Count the number of combinations that make up a given amount using unlimited coins. Build a 2-D dp table where dp[i][a] = ways to make amount a using coins[i:].

Algorithm Pattern

2-D DP (Bottom-Up)

Key Idea

dp[i][a] = number of ways to make amount a using only coins[i:]. Each cell either skips the current coin (take from row below) or uses it (take from same row, a−coin columns back).

Step-by-Step Approach

  1. Build a (n+1) × (amount+1) grid. Row i = decisions for coins[i:], column a = target amount.
  2. Base row (i = n, no coins left): dp[n][0] = 1, all others = 0. Only way to make 0 with nothing is 'take nothing'.
  3. Fill bottom-up (i = n−1 → 0).

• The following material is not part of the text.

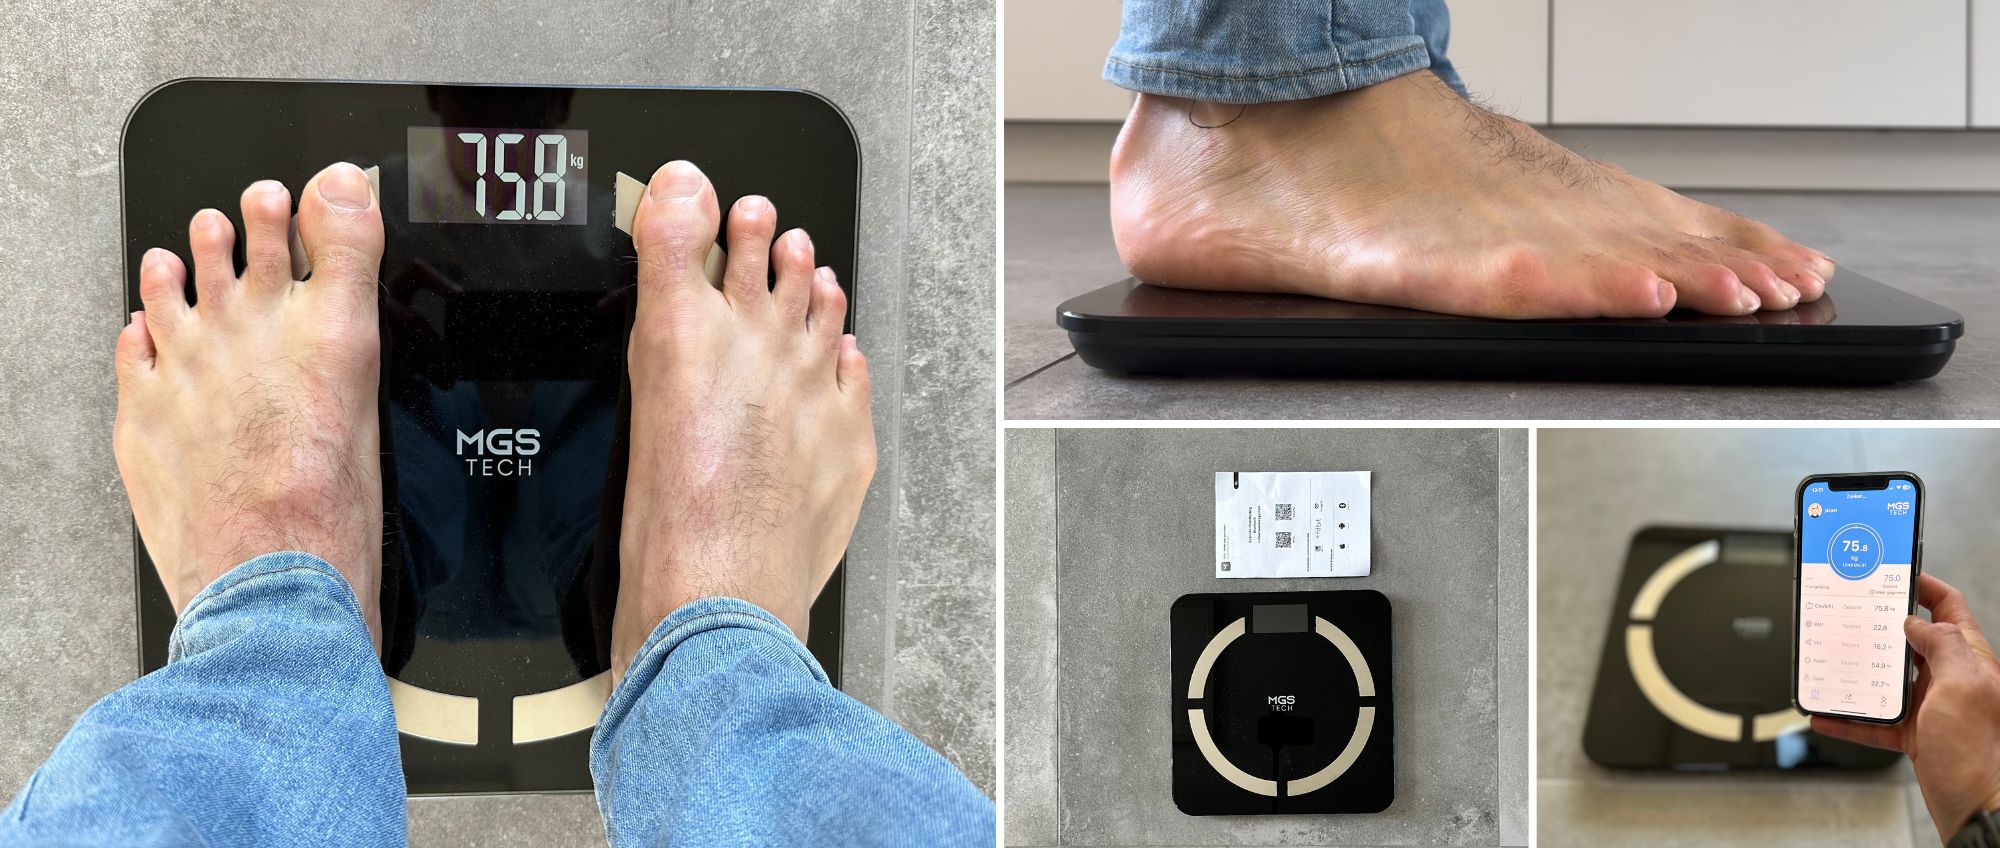 De voeten van een persoon worden weergegeven op een digitale weegschaal.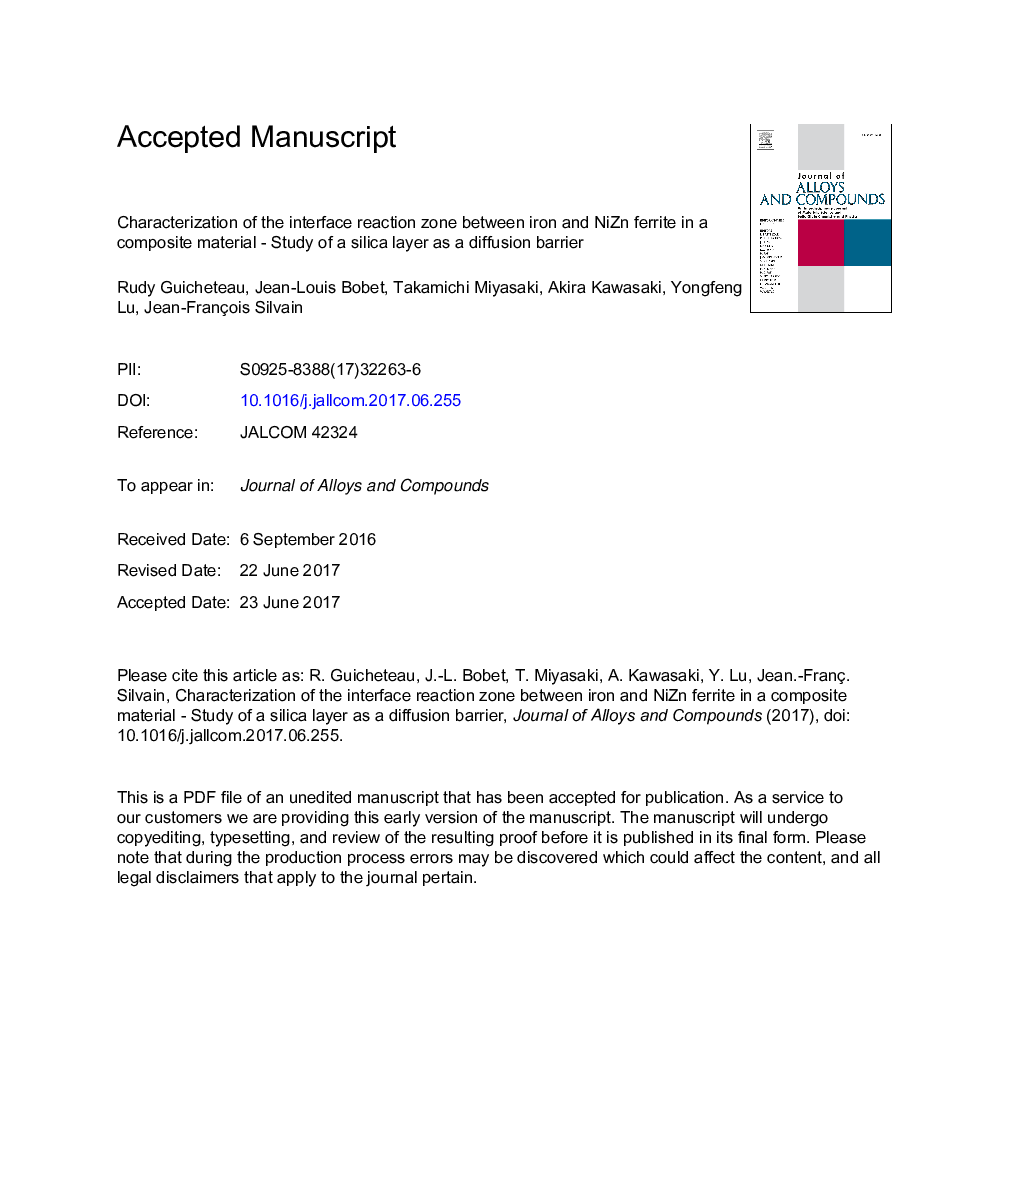 تعریف منطقه ی واکنش ی بین آهن و نیتروژن فریت در مواد کامپوزیتی - مطالعه ی یک لایه سیلیس به عنوان یک مانع انتشار

For each cell dp[i][a]:
  4. Skip coin i: dp[i][a] += dp[i+1][a] (inherit from row below)
  5. Use coin i: dp[i][a] += dp[i][a−coins[i]] (if a ≥ coins[i], same row!)
  6. Answer is dp[0][amount] — using all coins to make the full amount.

Common Gotchas

  • 'Use coin' pulls from the SAME row dp[i][...], not dp[i+1][...]. That's what allows unlimited use.
  • Column 0 is always 1 for every row — there's exactly one way to make amount 0: use no coins.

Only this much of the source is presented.